Task item - The reply is to contain the full listing, repeated exactly, with pictures left out.

====== Given information

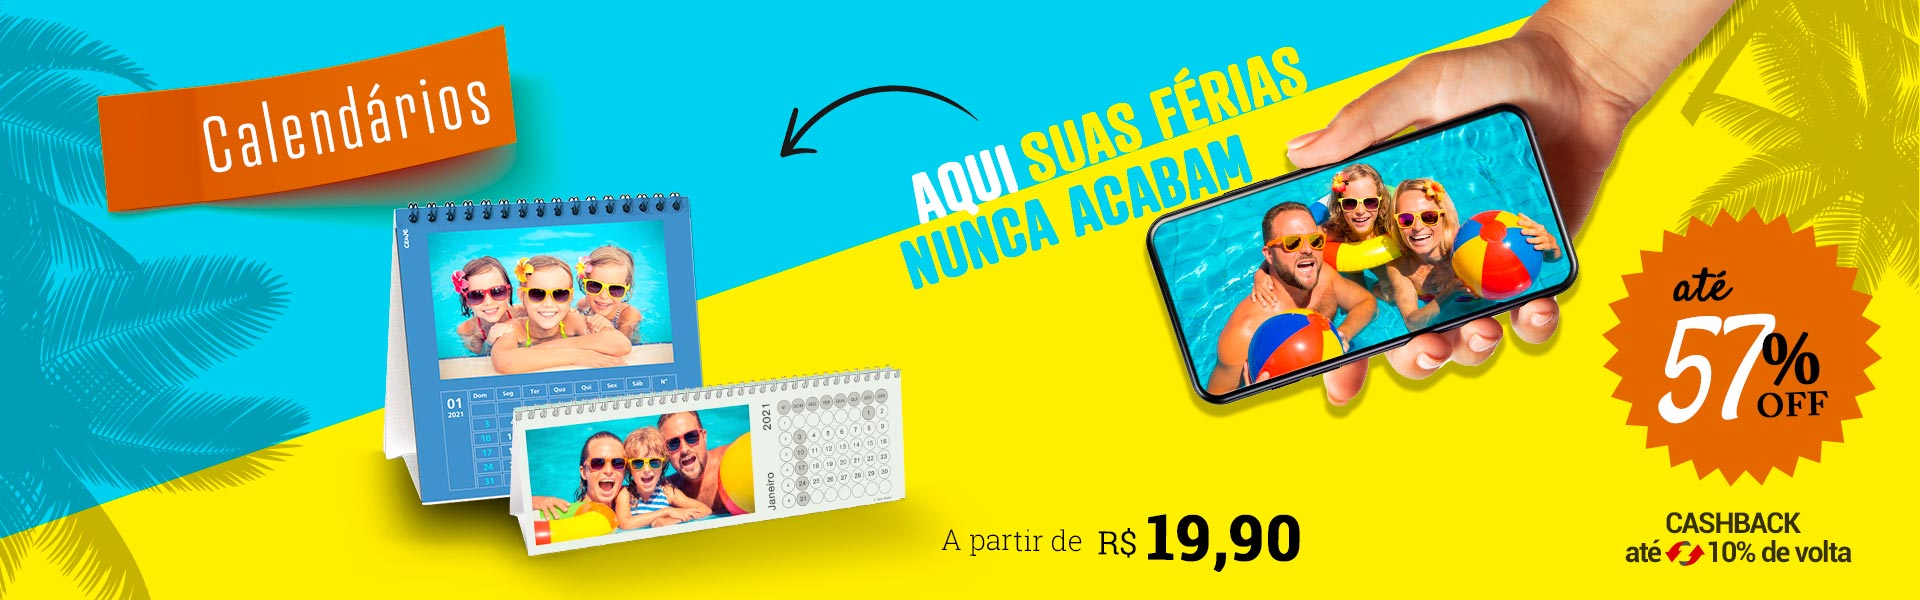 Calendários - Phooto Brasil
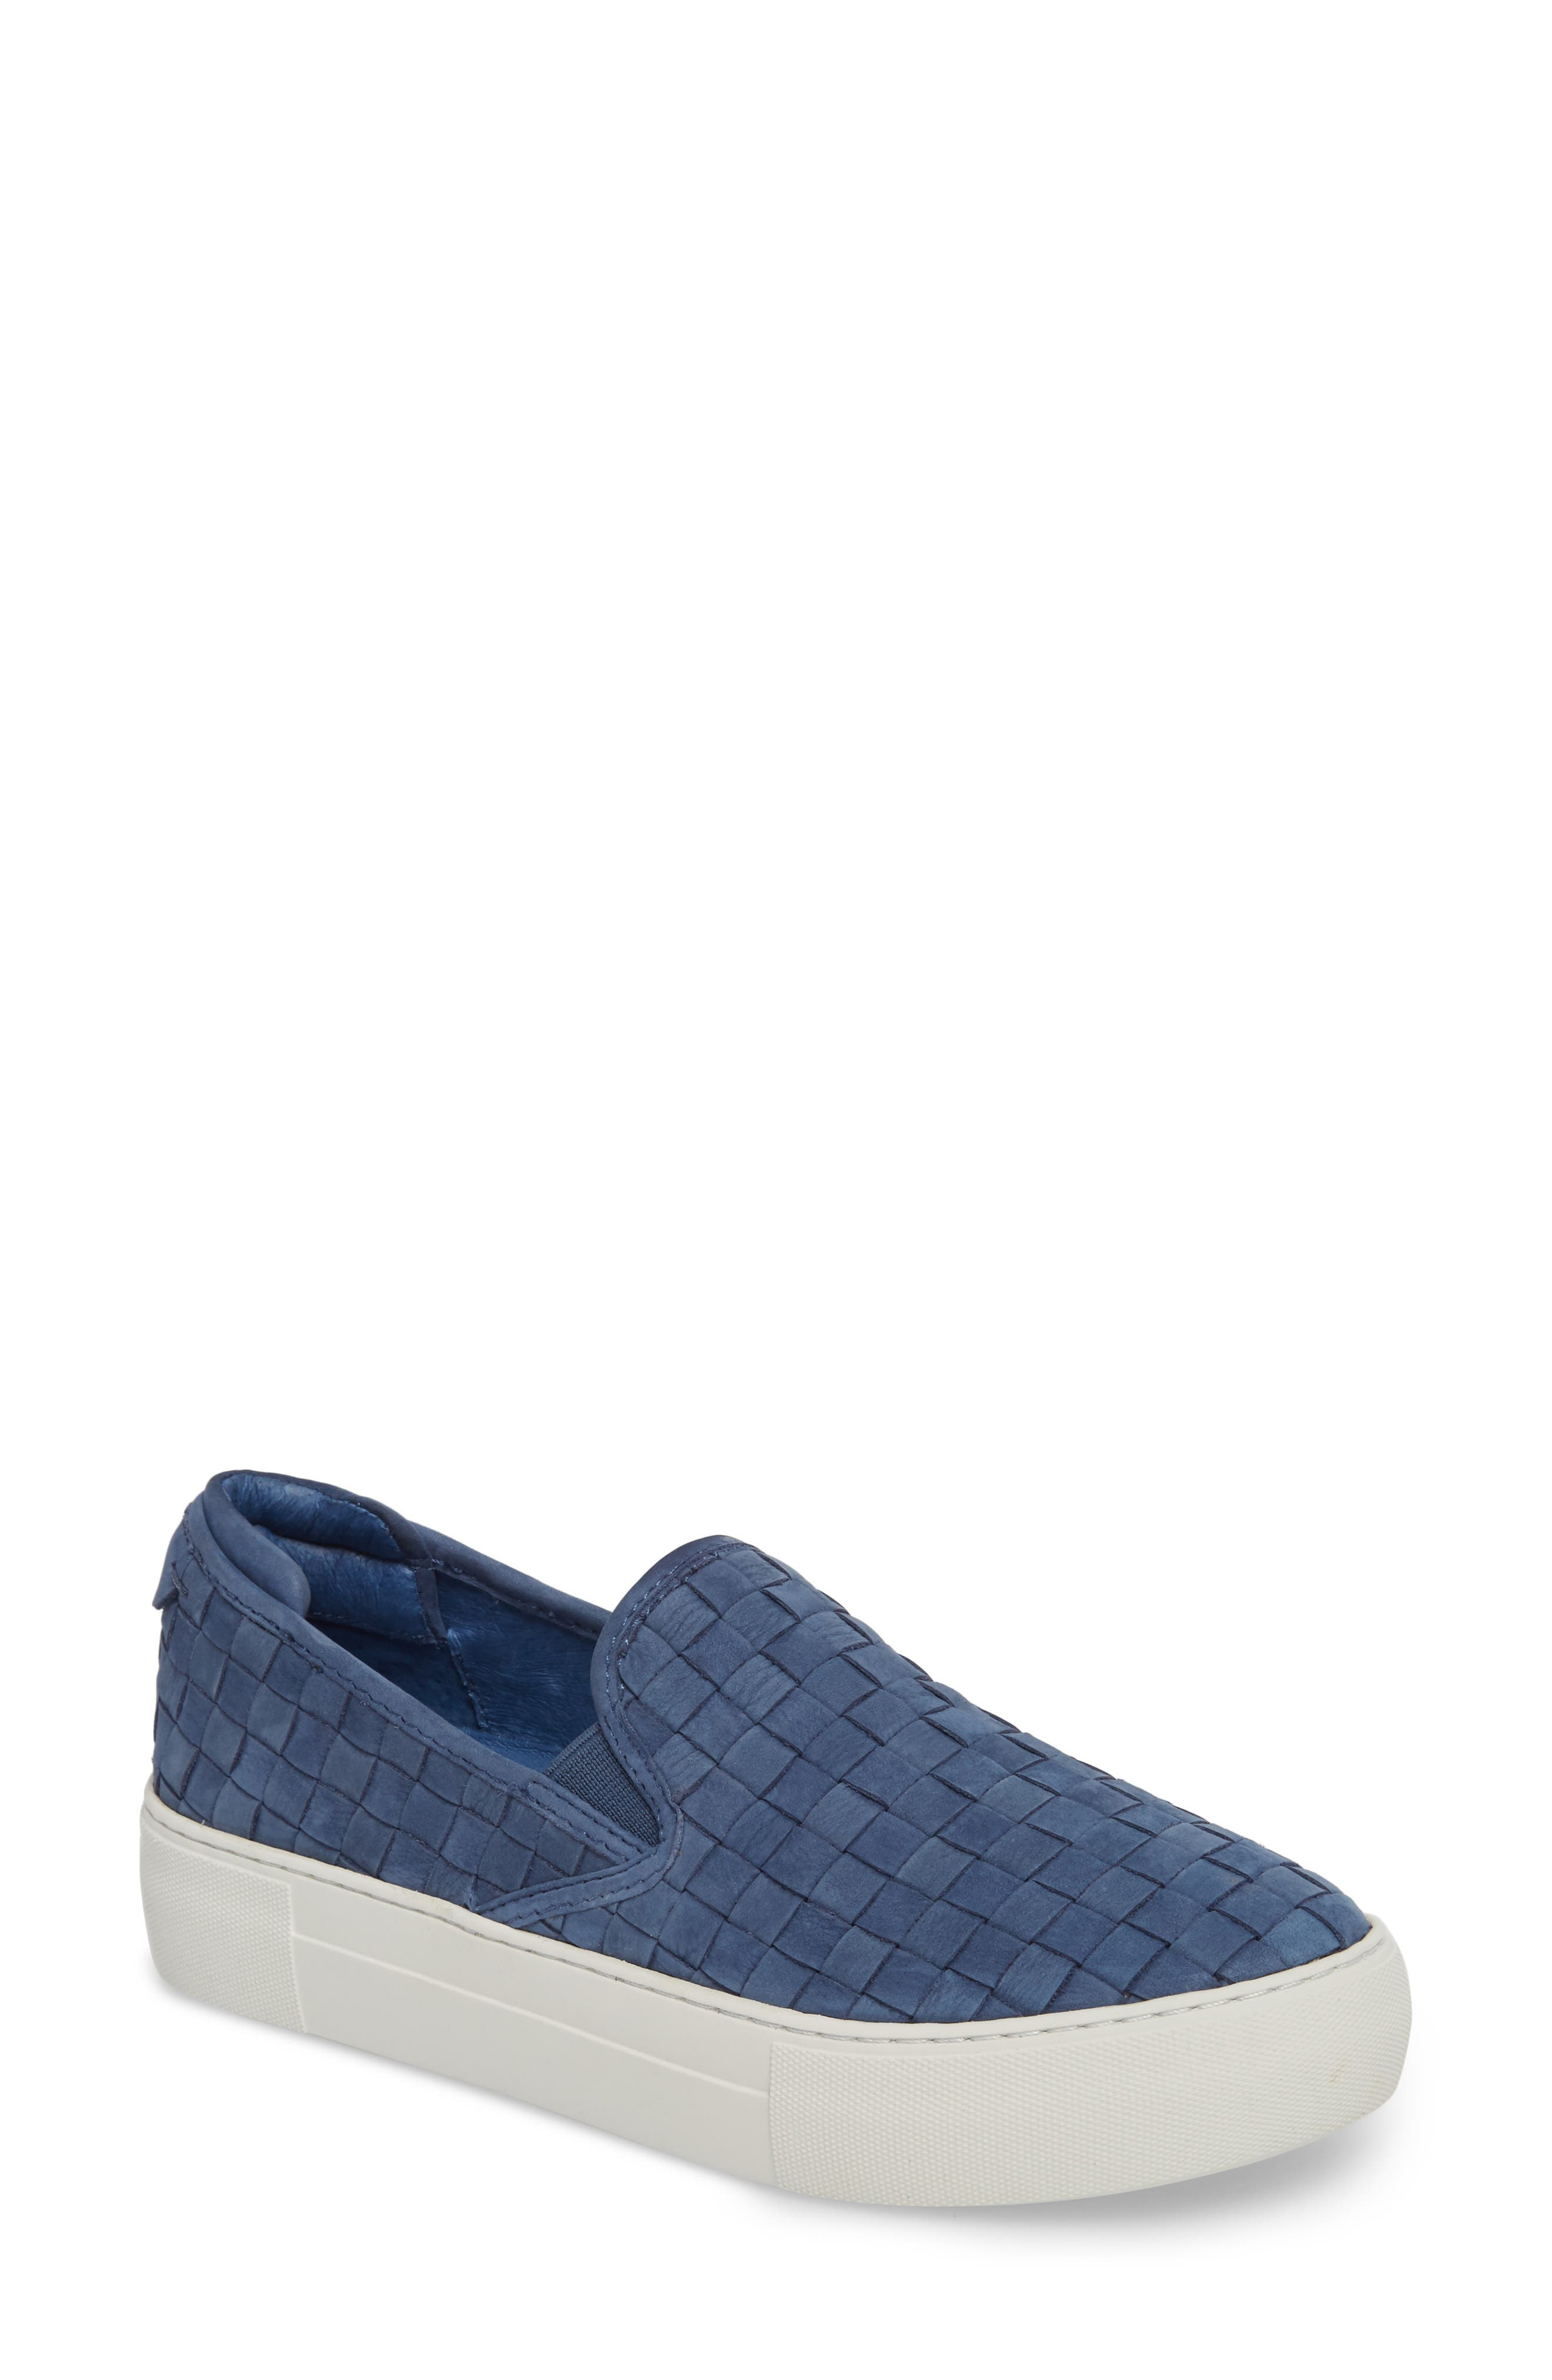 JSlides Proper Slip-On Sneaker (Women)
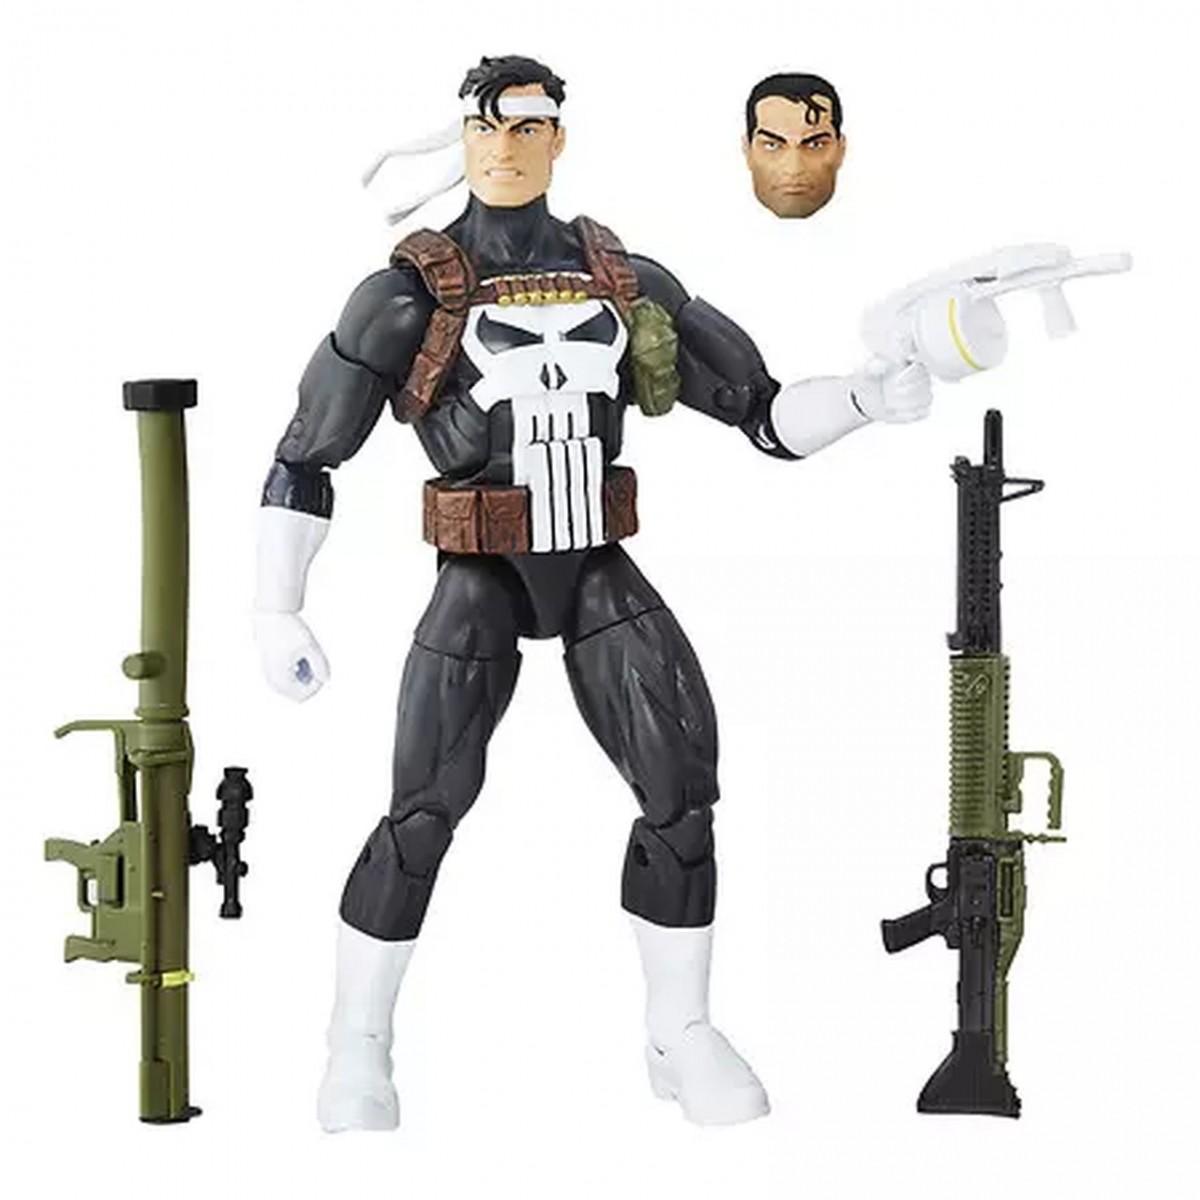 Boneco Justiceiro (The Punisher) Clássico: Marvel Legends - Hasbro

============

Written reply -
 Calendários - Phooto Brasil
 JSlides Proper Slip-On Sneaker (Women)
 Boneco Justiceiro (The Punisher) Clássico: Marvel Legends - Hasbro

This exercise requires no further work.